I love good analogies and crisp writing as much as the next guy; but I was raised by my illiterate grandfather, who is no fool. So I try not to hold poor writing against anyone. (I rarely use “sic”—just make the correction and let it go, man.) For a litigator, criticizing writing is like complaining about appearance—it’s a sign of an intellectual lightweight. By elevating form over substance, the complainer reveals an insecurity that should be visible to a decent judge.

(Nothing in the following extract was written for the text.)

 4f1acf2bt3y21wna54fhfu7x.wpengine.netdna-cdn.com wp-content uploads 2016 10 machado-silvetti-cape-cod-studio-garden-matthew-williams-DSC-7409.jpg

Finally, it bears emphasizing that priming can cut both ways (the phrase “lipstick on a pig” comes to mind). Everyone—especially judges—should be mindful of the halo effect, because the more you experience it, the more likely you are to be duped.
Charles J. Borrero
New York City
ALABAMA’S ETHICS LEADERSHIP
In the article “Watergate and the Rise of Legal Ethics,” January, referring to the period before Watergate, it is stated: “Ethics, if taught at all, was an elective class in law school.” Not so at the University of Alabama School of Law. A course in legal ethics was required for graduation when I graduated in 1963; and it was meant to, and did, sensitize those of us who took it to consider the ethical implications of how we should conduct ourselves as lawyers.

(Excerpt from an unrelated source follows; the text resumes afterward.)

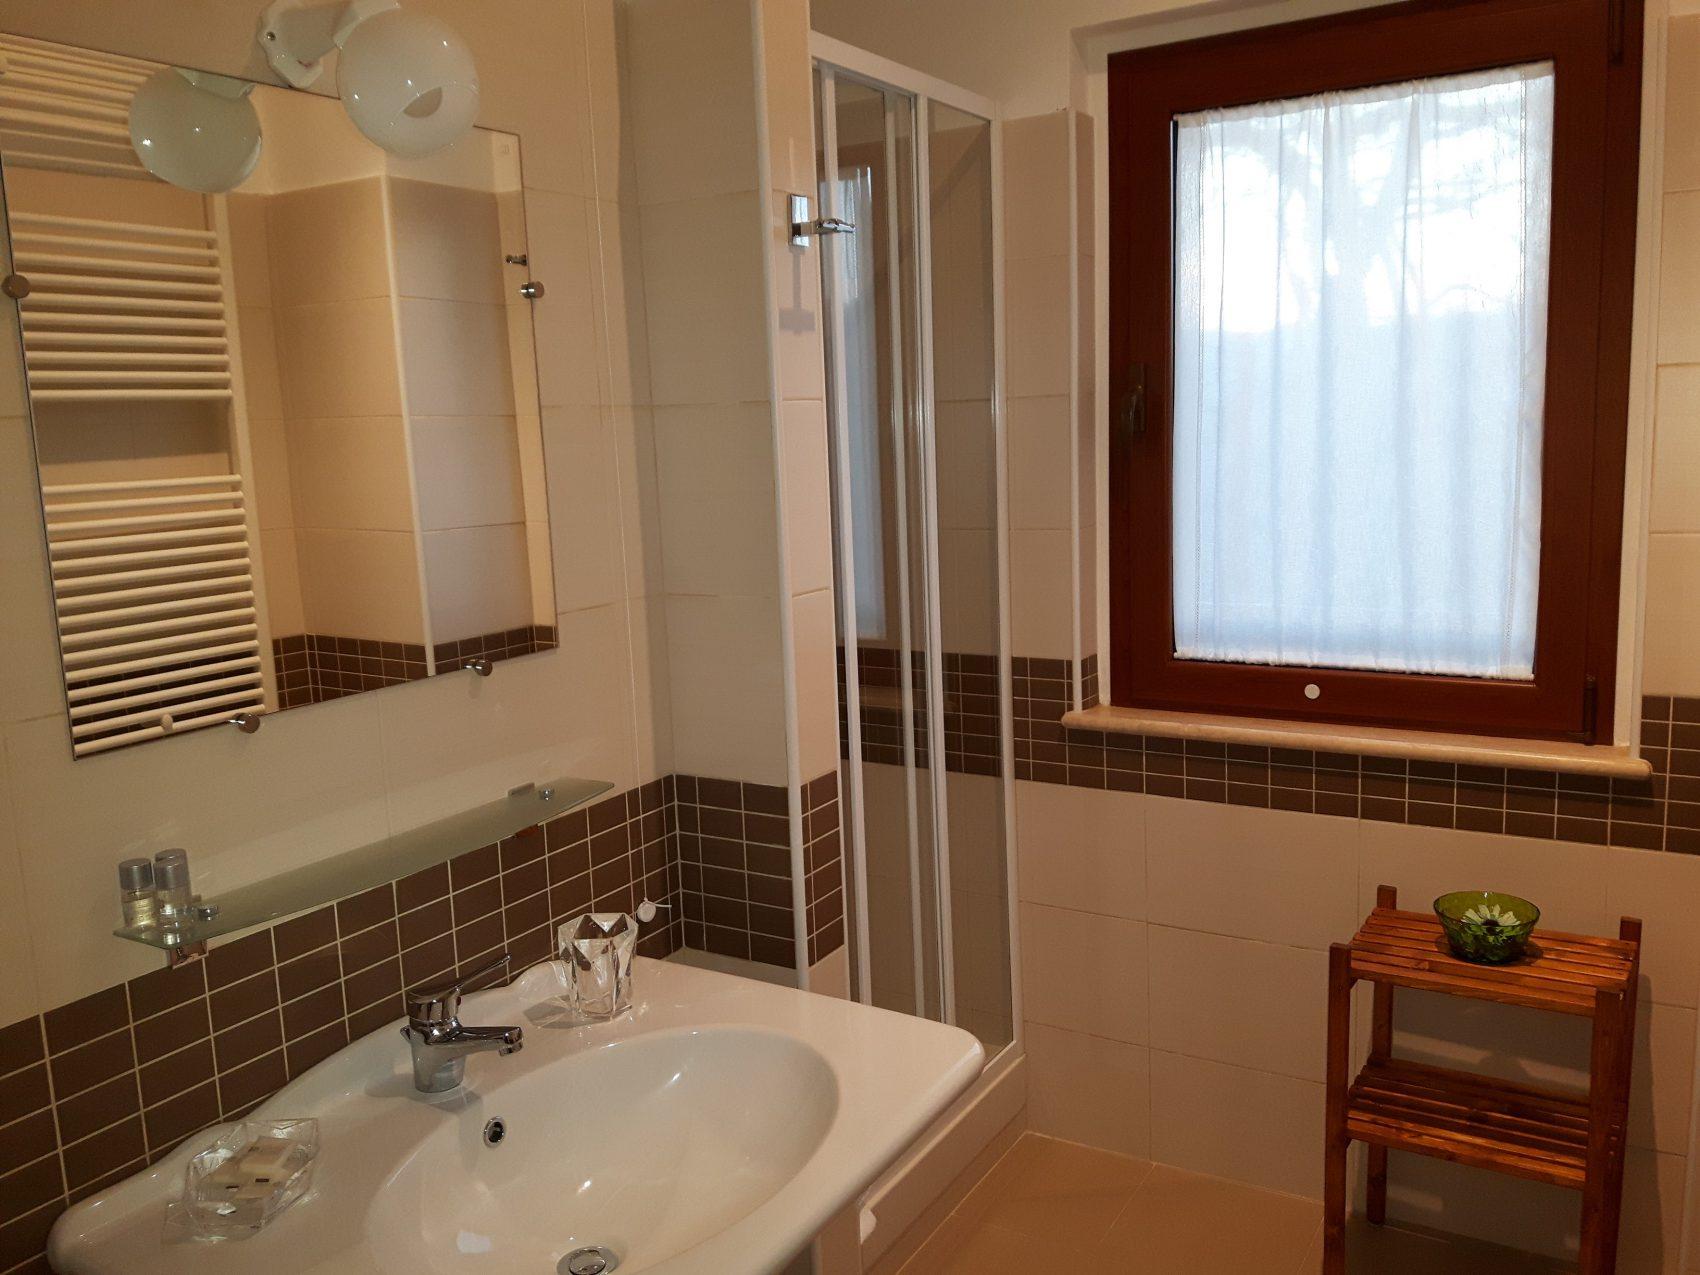 Bagno Casa Di Campagna : Bagno suite la casa in campagna bed and breakfast

It was taught for many years before and after that by the late professor Harry Cohen. The Alabama State Bar Association adopted in 1887 the first Code of Ethics in the United States, which served as a model for the 1908 ABA Canons of Professional Ethics. Thus, it was with a mixed sense of amazement and horror, flavored by watching the fallout from Watergate, that I first learned of the lack of required ethics training in nearly all of the law schools in the country. I had trouble believing it.
William P. Jackson Jr.
A STRENUOUS OBJECTION
I read with amazement the article “Telling Tales, Eluding Death,” March. I am amazed because I was the first (and only, to date) chief public defender for Texas’ Regional Public Defender for Capital Cases Office and most of what Hans Hansen, quoted extensively, asserts in the article is pure fiction.
Since the opening of the RPDO on Jan. 1, 2008, I have been charged with developing and implementing all substantive policy for the office. While it is true that he was invited to, as writer Richard Acello correctly states, “help with the organizational design for the new public defender’s office,” the specific strategies to be employed by the office were never within the scope of his involvement, even though he suggests otherwise. His consultation with this office was sporadic over a period of several years and ended when I believed his personal beliefs conflicted with the mission of this office.

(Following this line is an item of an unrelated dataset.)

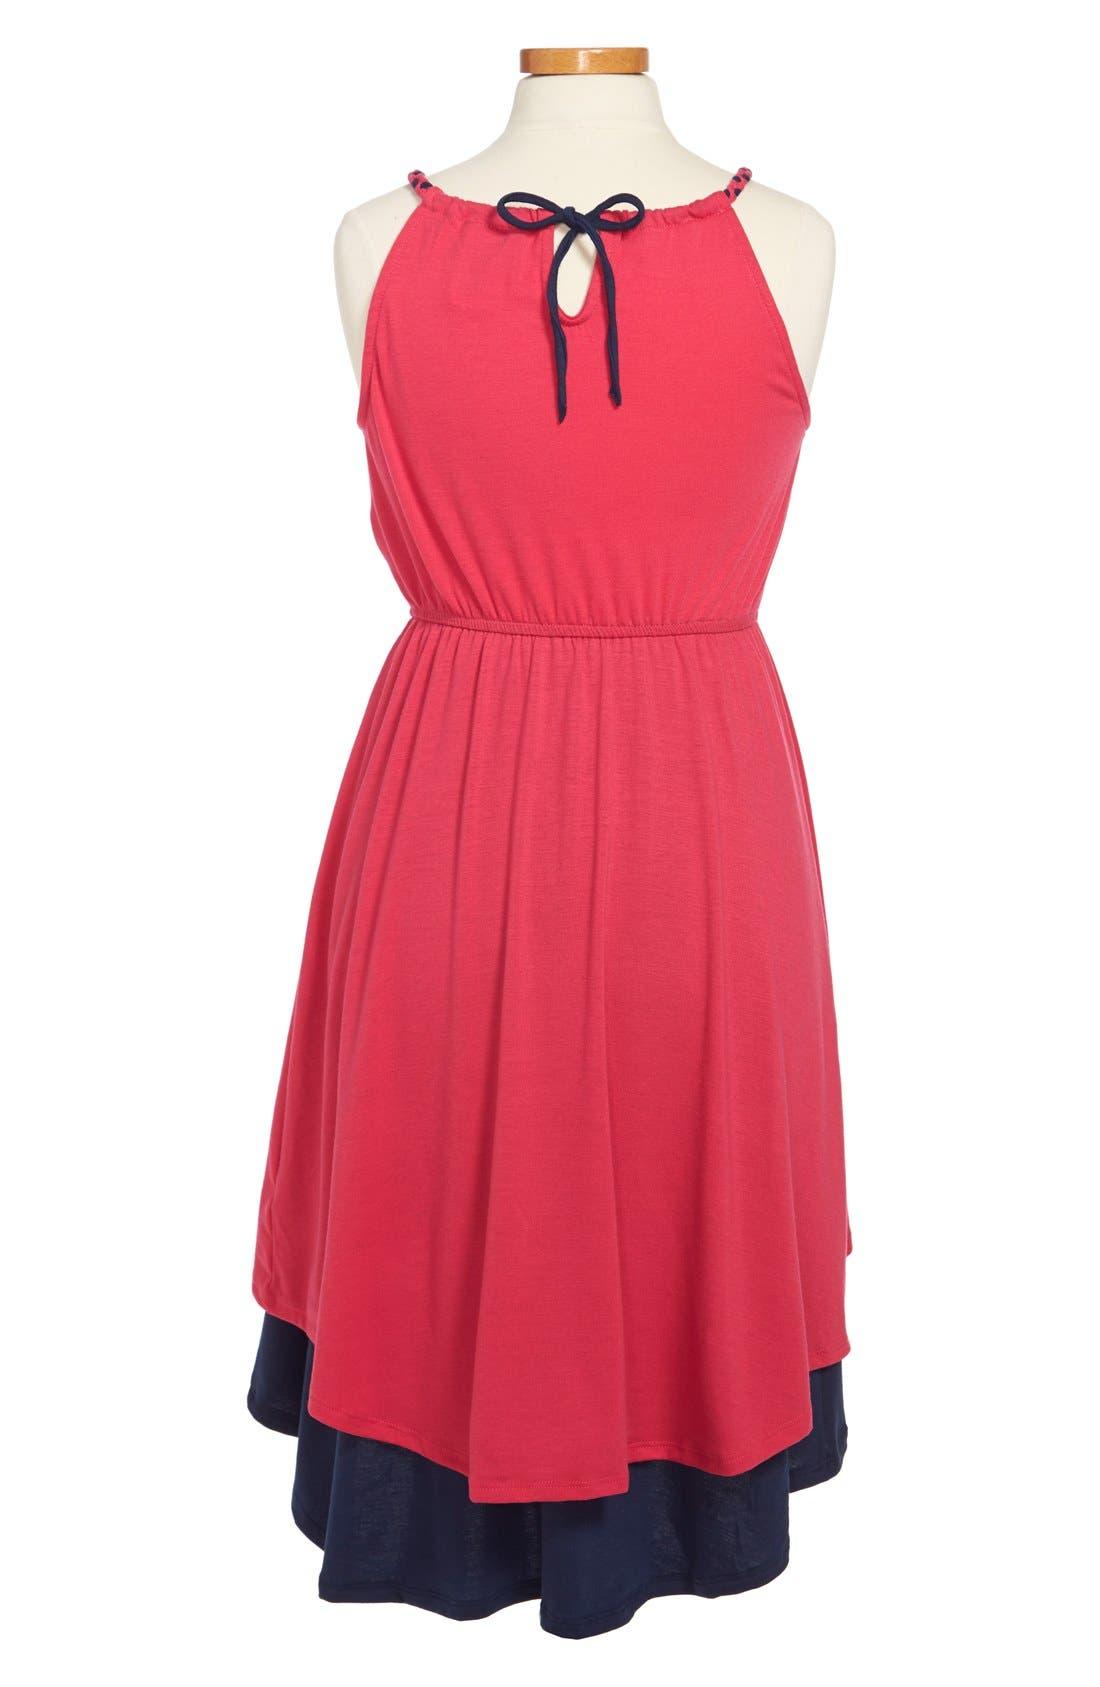 Alternate Image 2  - Paper Doll Colorblock Tulip Skirt Dress (Little Girls & Big Girls)

Statements that he was charged with turning “‘lone wolf” defense attorneys into a team”; the RPDO was contemplated as an “anti-DA’s office”; we would demand money and threaten the judge with reversal; we intentionally drove up the cost of a case using asbestos and $500,000 as an example; the RPDO thinks of prosecutors as bastards—these are complete garbage.
Though I consider Bryan Garner as one of my primary sources for resolving stylistic dilemmas, I have long rejected the dogmatic use of party names espoused by him and others (“A Plaintiff by Any Other Name,” April).
Prior to this article, I had not seen Mr. Garner’s three exceptions. Still, there is an astonishing oversight in the formation of that list: when a party’s role in the litigation is important to the decision at hand. Perhaps invariably, this arises when the issue is procedural. True, one may reasonably expect the jurist to follow the names without the labels, but why task an overly burdened judiciary with remembering the names of each party when a label is sufficient for the matter at hand?
Colin E. Flora
In 38 years of litigation, I have never had either a state or federal court jury charge that did not use the actual names of the parties. I think it is important in trial to use the names as they will be used in the jury charge to avoid any possibility of juror confusion. I think the same clarity is necessary in pleading, motion and briefing practices. I do appreciate the other positions and once was against using the names in some of the situations mentioned.
THE POWER OF HELPFULNESS
Regarding “There’s No Such Thing as Bad Publicity,” April, about law firm marketing: You don’t have to be “slaphappy.” “Stodgy” (professional) works just fine.
My 32-minute vid on how to pass the California DMV’s road test has enjoyed more than 1 million views, and my channel at YouTube has more than 3,000 subscribers. Make a vid that is helpful, and the promotion will take care of itself.